Insider Trading March 16, 2026

Gap Inc. Executive Disposes of Shares, Exercises Options as Company Reports In-Line Q4 Results

President of Gap Brand completes multiple transactions totaling $380,553 while the retailer posts FY2025 Q4 results in line with forecasts

By Avery Klein GAP
Gap Inc. Executive Disposes of Shares, Exercises Options as Company Reports In-Line Q4 Results
GAP

Mark Breitbard, President and CEO of Gap Brand at Gap Inc., sold 16,030 shares and completed option exercises on March 16, 2026, reducing his stake in the $8.68 billion market cap apparel retailer. The company reported fourth-quarter fiscal 2025 results that met guidance and disclosed updates to long-term incentive award forms. TD Cowen reaffirmed its Buy rating and $32 price target, citing sustained brand momentum despite some sales weakness.

Key Points

  • Mark Breitbard sold 16,030 shares on March 16, 2026, for total proceeds of $380,553 at a weighted average price of $23.7401, with trade prices ranging from $23.60 to $23.95.
  • Breitbard exercised options for 12,036 shares at $0 and disposed of an additional 4,318 shares at $23.24, generating $100,350, resulting in a reduced position in the $8.68 billion market cap company.
  • Gap Inc. reported FY2025 Q4 results in line with expectations - EPS of $0.45 and revenues of $4.2 billion - and updated award agreement forms under its 2016 Long-Term Incentive Plan; TD Cowen maintained a Buy rating and $32 price target.

Insider transactions

On March 16, 2026, Mark Breitbard, who serves as President and CEO of Gap Brand at Gap Inc. (NYSE: GAP), executed share sales and option activity that altered his holdings in the company. Breitbard sold 16,030 shares of Gap common stock for aggregate proceeds of $380,553. Those shares were sold across multiple trades at a weighted average price of $23.7401 per share, with individual transaction prices spanning from $23.60 to $23.95.

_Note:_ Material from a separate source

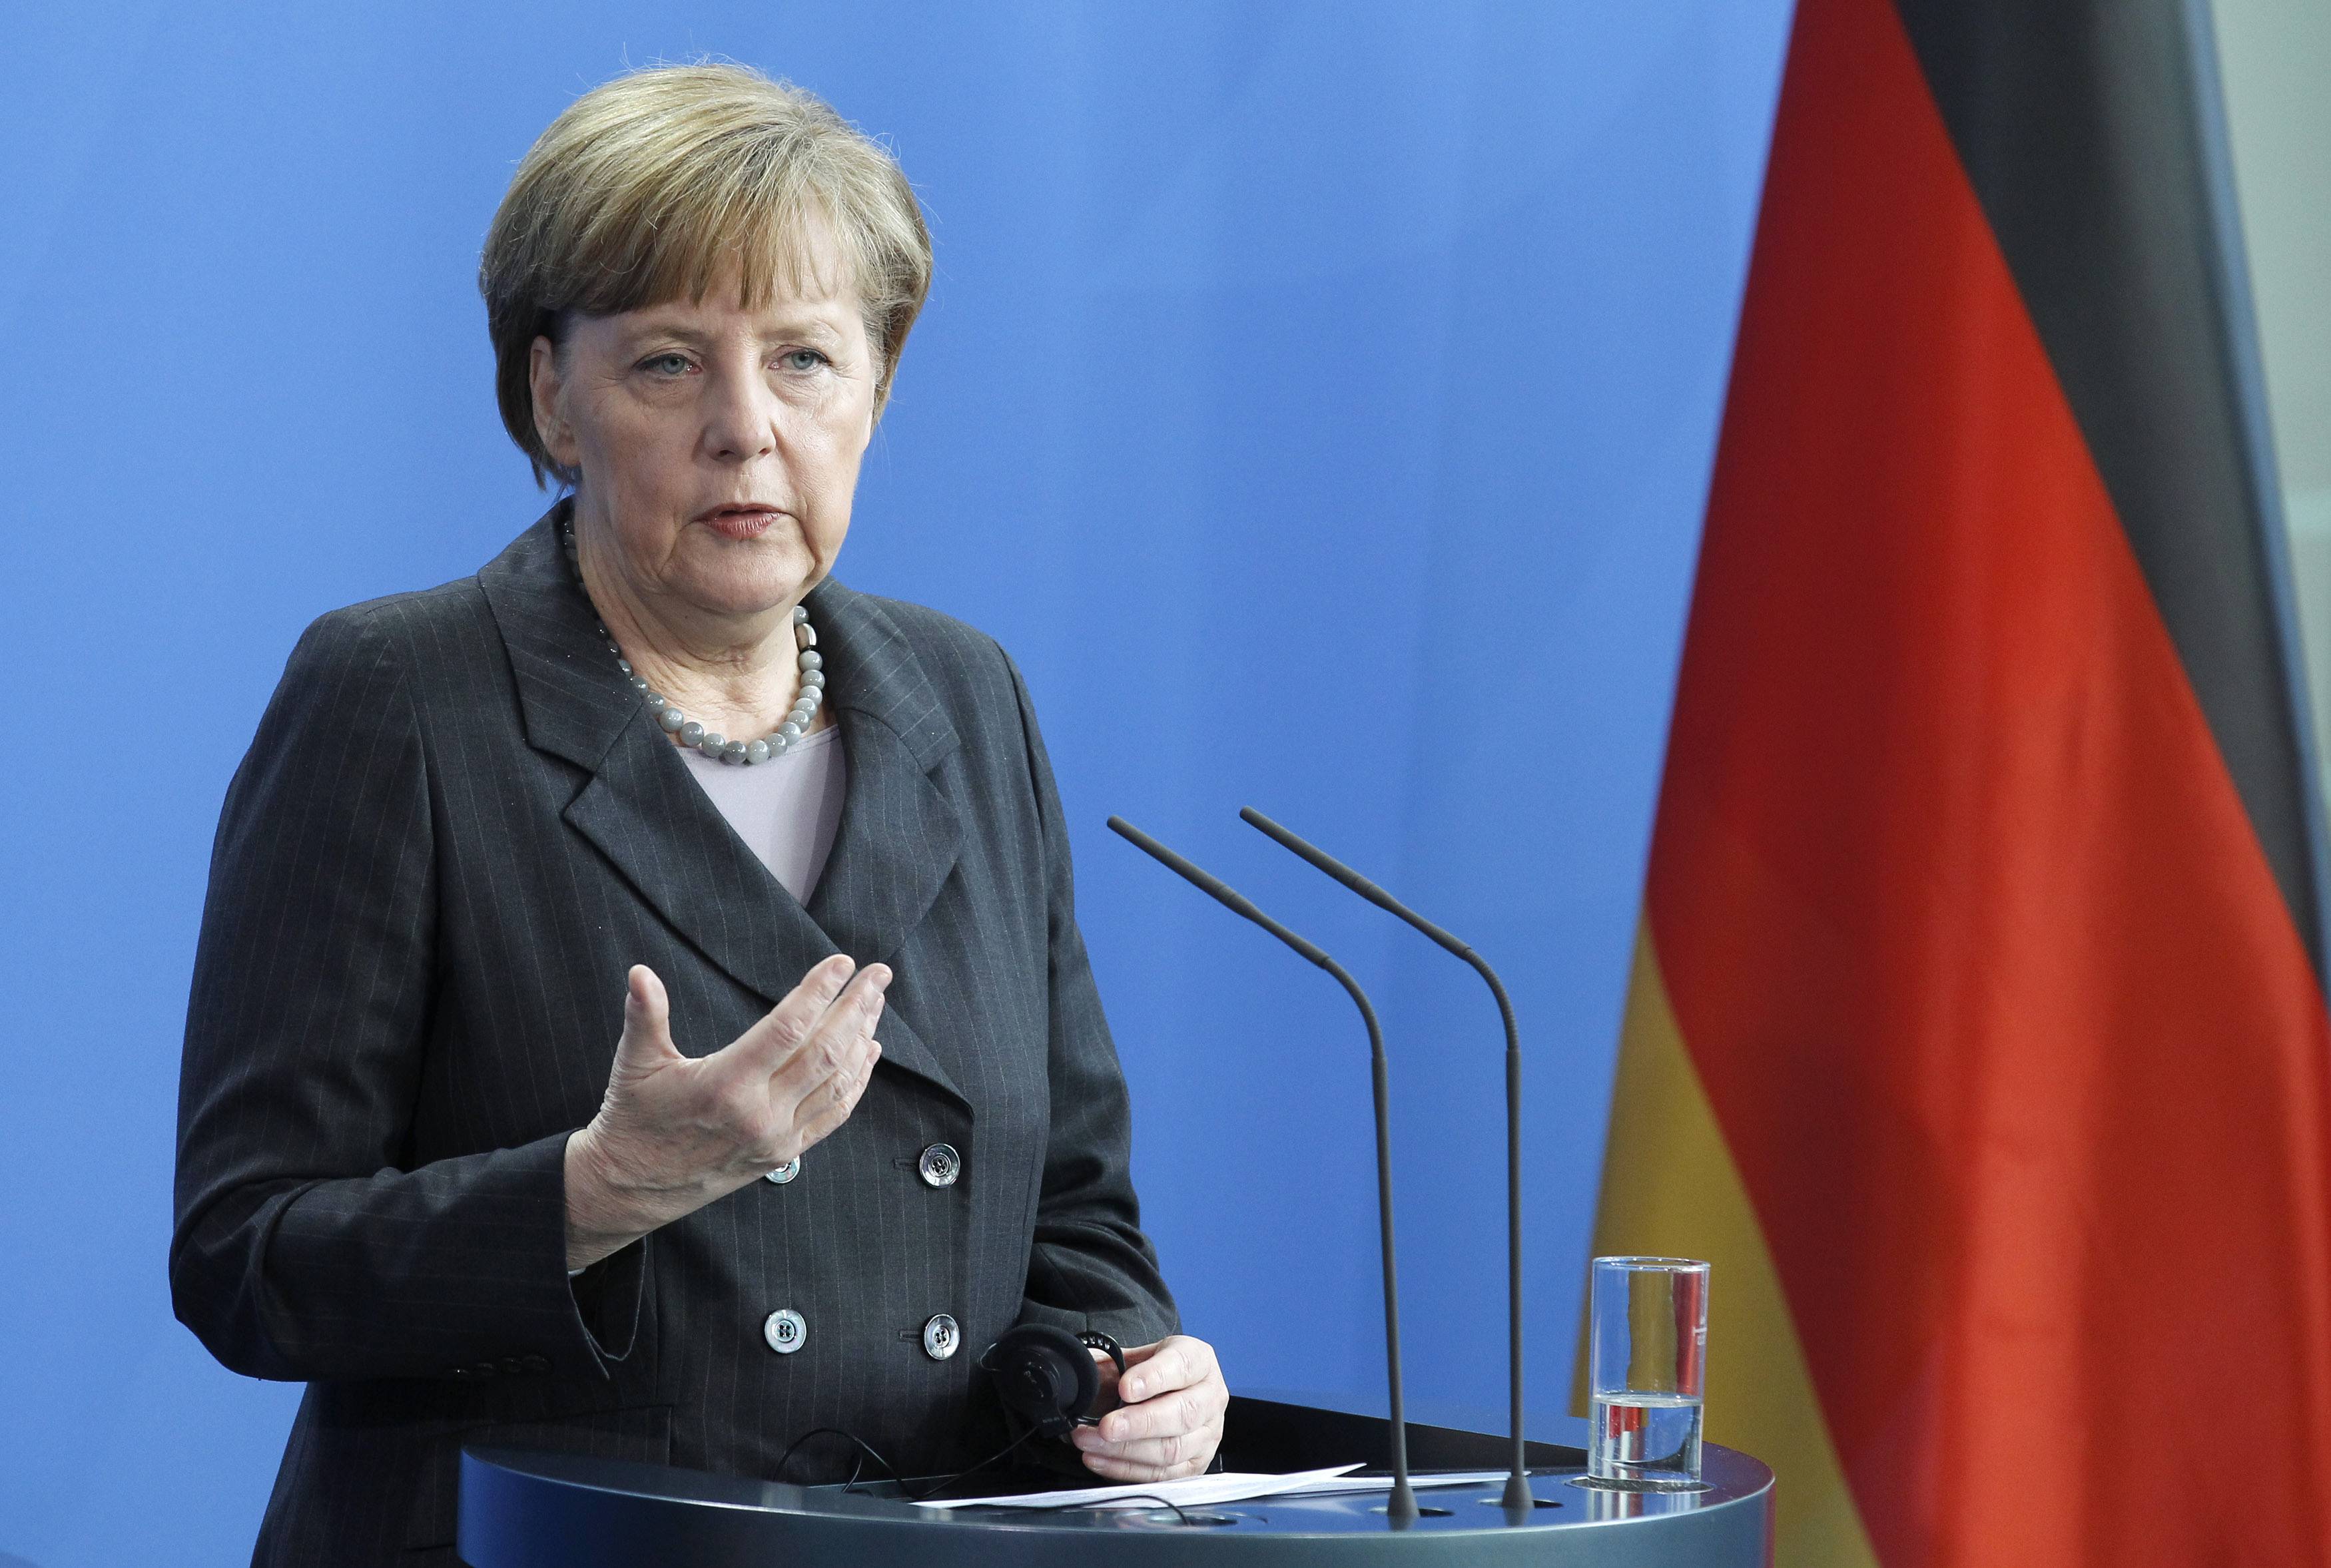 German Chancellor Angela Merkel addresses the media after talks with Czech Republic's Prime Minister Bohuslav Sobotka in Berlin March 13, 2014.   REUTERS/Tobias Schwarz   (GERMANY - Tags: POLITICS)
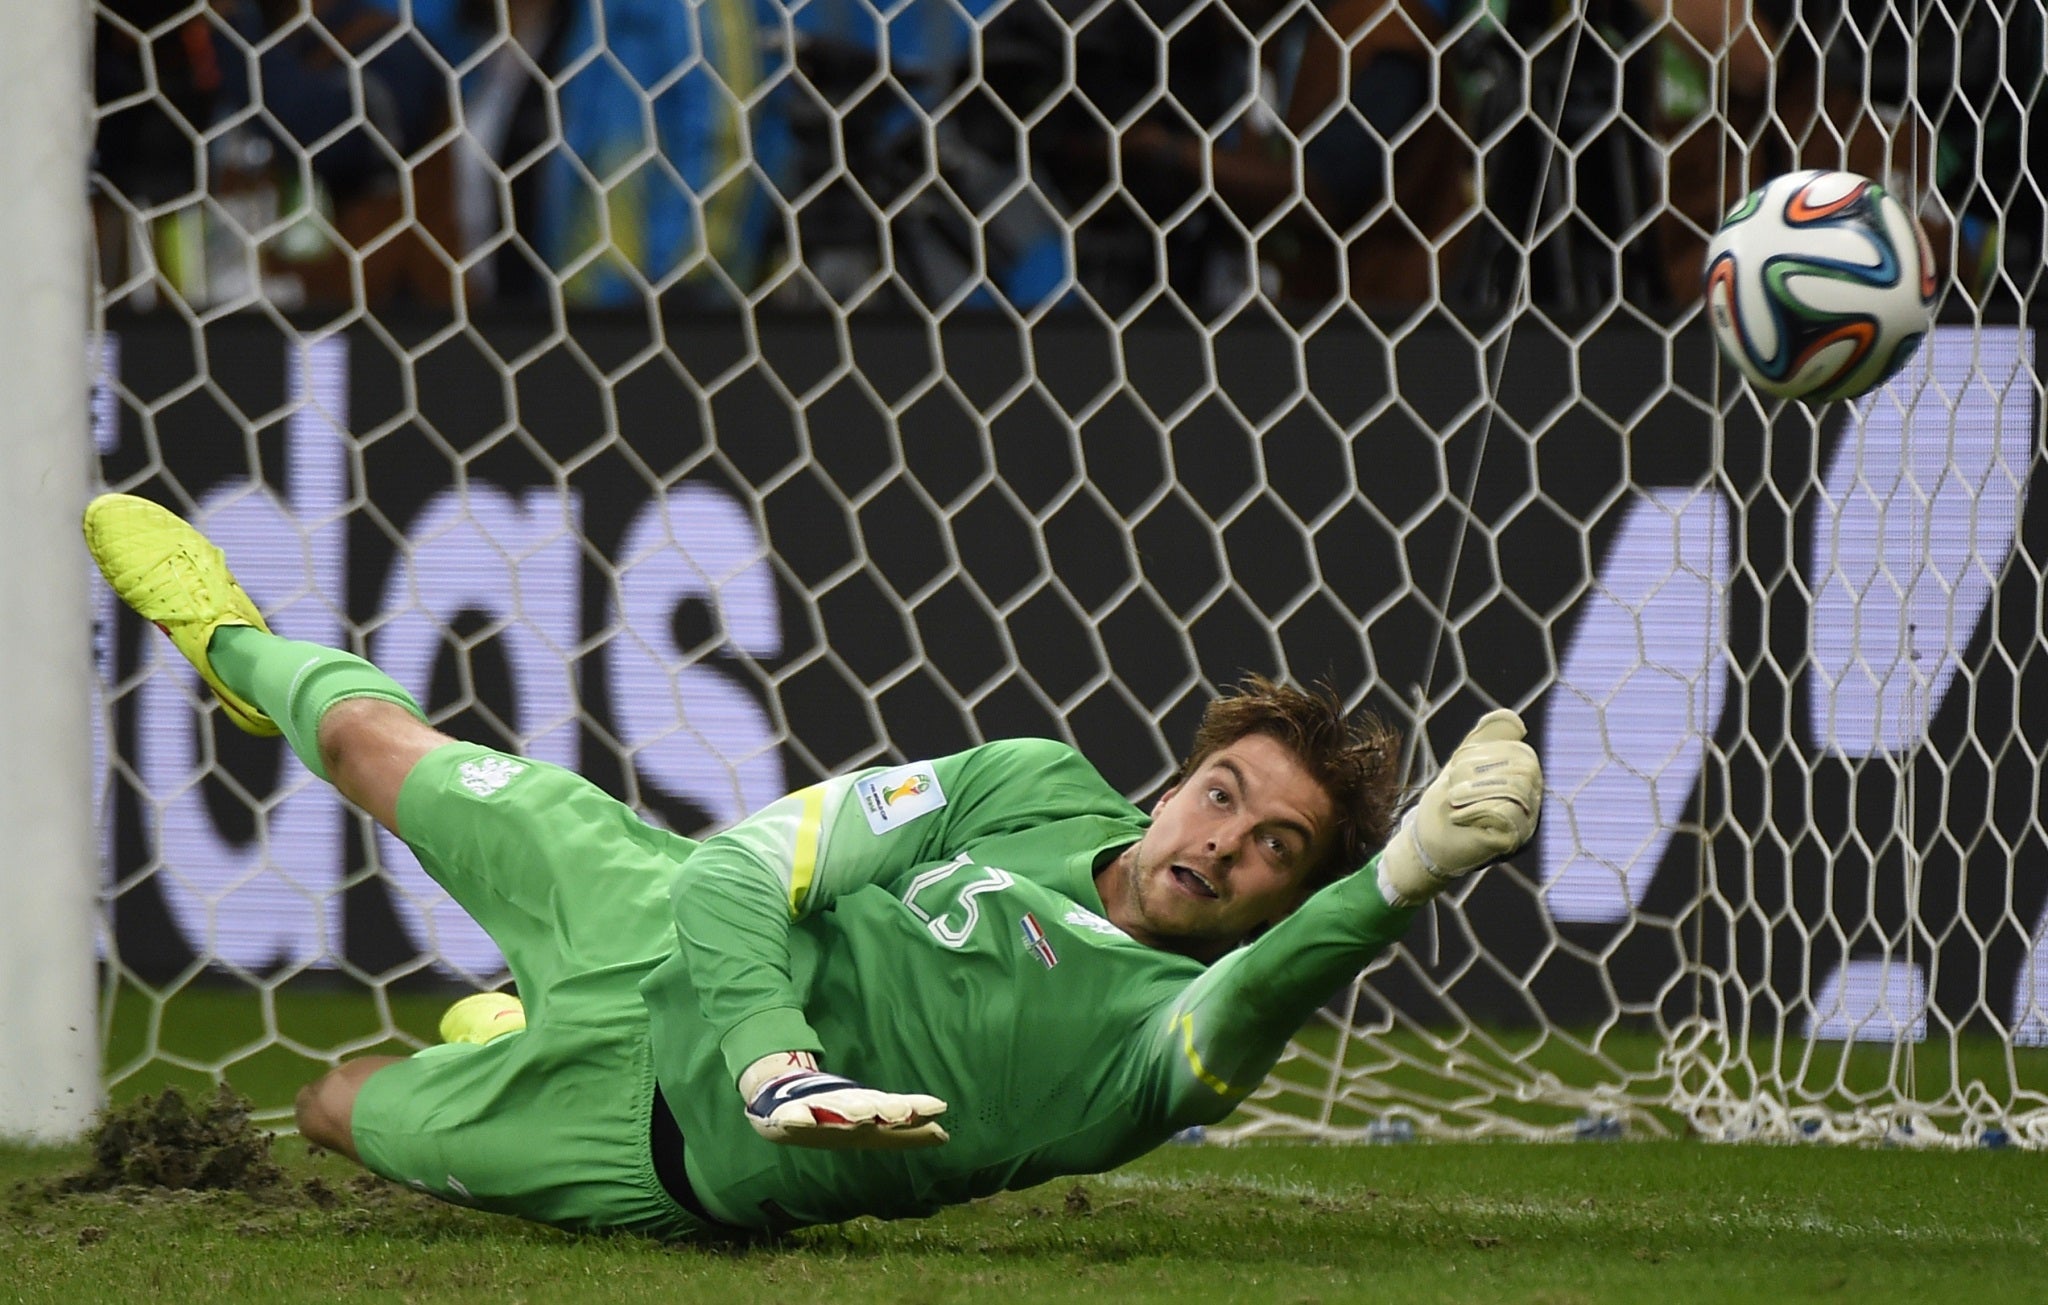 Substitute goalkeeper Tim Krul saves a penalty in the quarter-final shootout victory over Costa Rica

Also on the same day, Breitbard exercised options to acquire 12,036 shares of Gap common stock at a price of $0. Separately, 4,318 shares were disposed of at $23.24 per share, generating $100,350 in proceeds. Taken together, these actions left Breitbard with a reduced position in the apparel retailer, which has a reported market capitalization of $8.68 billion.


Company financials and corporate actions

Gap Inc. reported fourth-quarter results for fiscal year 2025 that matched analysts' expectations, registering earnings per share of $0.45 on revenue of $4.2 billion. While the quarter met the company's forecasted figures, management flagged that tariffs are affecting margins, a headwind noted in corporate disclosures.

The company has also revised documentation related to its long-term incentive framework. Updates to award agreement forms under the 2016 Long-Term Incentive Plan include new versions of several stock and performance award agreements. The updated forms are intended to govern future grants for eligible employees and directors.


Analyst view

In the analyst community, TD Cowen reaffirmed its Buy rating on Gap and maintained a price target of $32.00. The firm pointed to ongoing business momentum despite fourth-quarter sales that were weaker than some expectations. TD Cowen cited merchandise execution, brand relevance, and marketing activity as contributors to steady performance at both Old Navy and Gap.


Context and next steps

The combination of insider selling and option exercises by a senior executive arrives alongside corporate updates and an analyst reaffirmation. Gap's reported financial results, changes to long-term incentive award documents, and commentary from TD Cowen outline the company's current position as it navigates margin pressures from tariffs while pursuing execution and marketing strategies to support its brands.

Risks

  • Tariffs are cited as exerting pressure on Gap's margins, introducing uncertainty for profitability in the retail sector.
  • Weaker-than-expected fourth-quarter sales noted in some commentary create revenue-side risks for Gap and potentially for apparel retail peers.
  • Insider share disposals and option exercises can be interpreted in different ways by investors, which may contribute to short-term volatility in Gap's stock.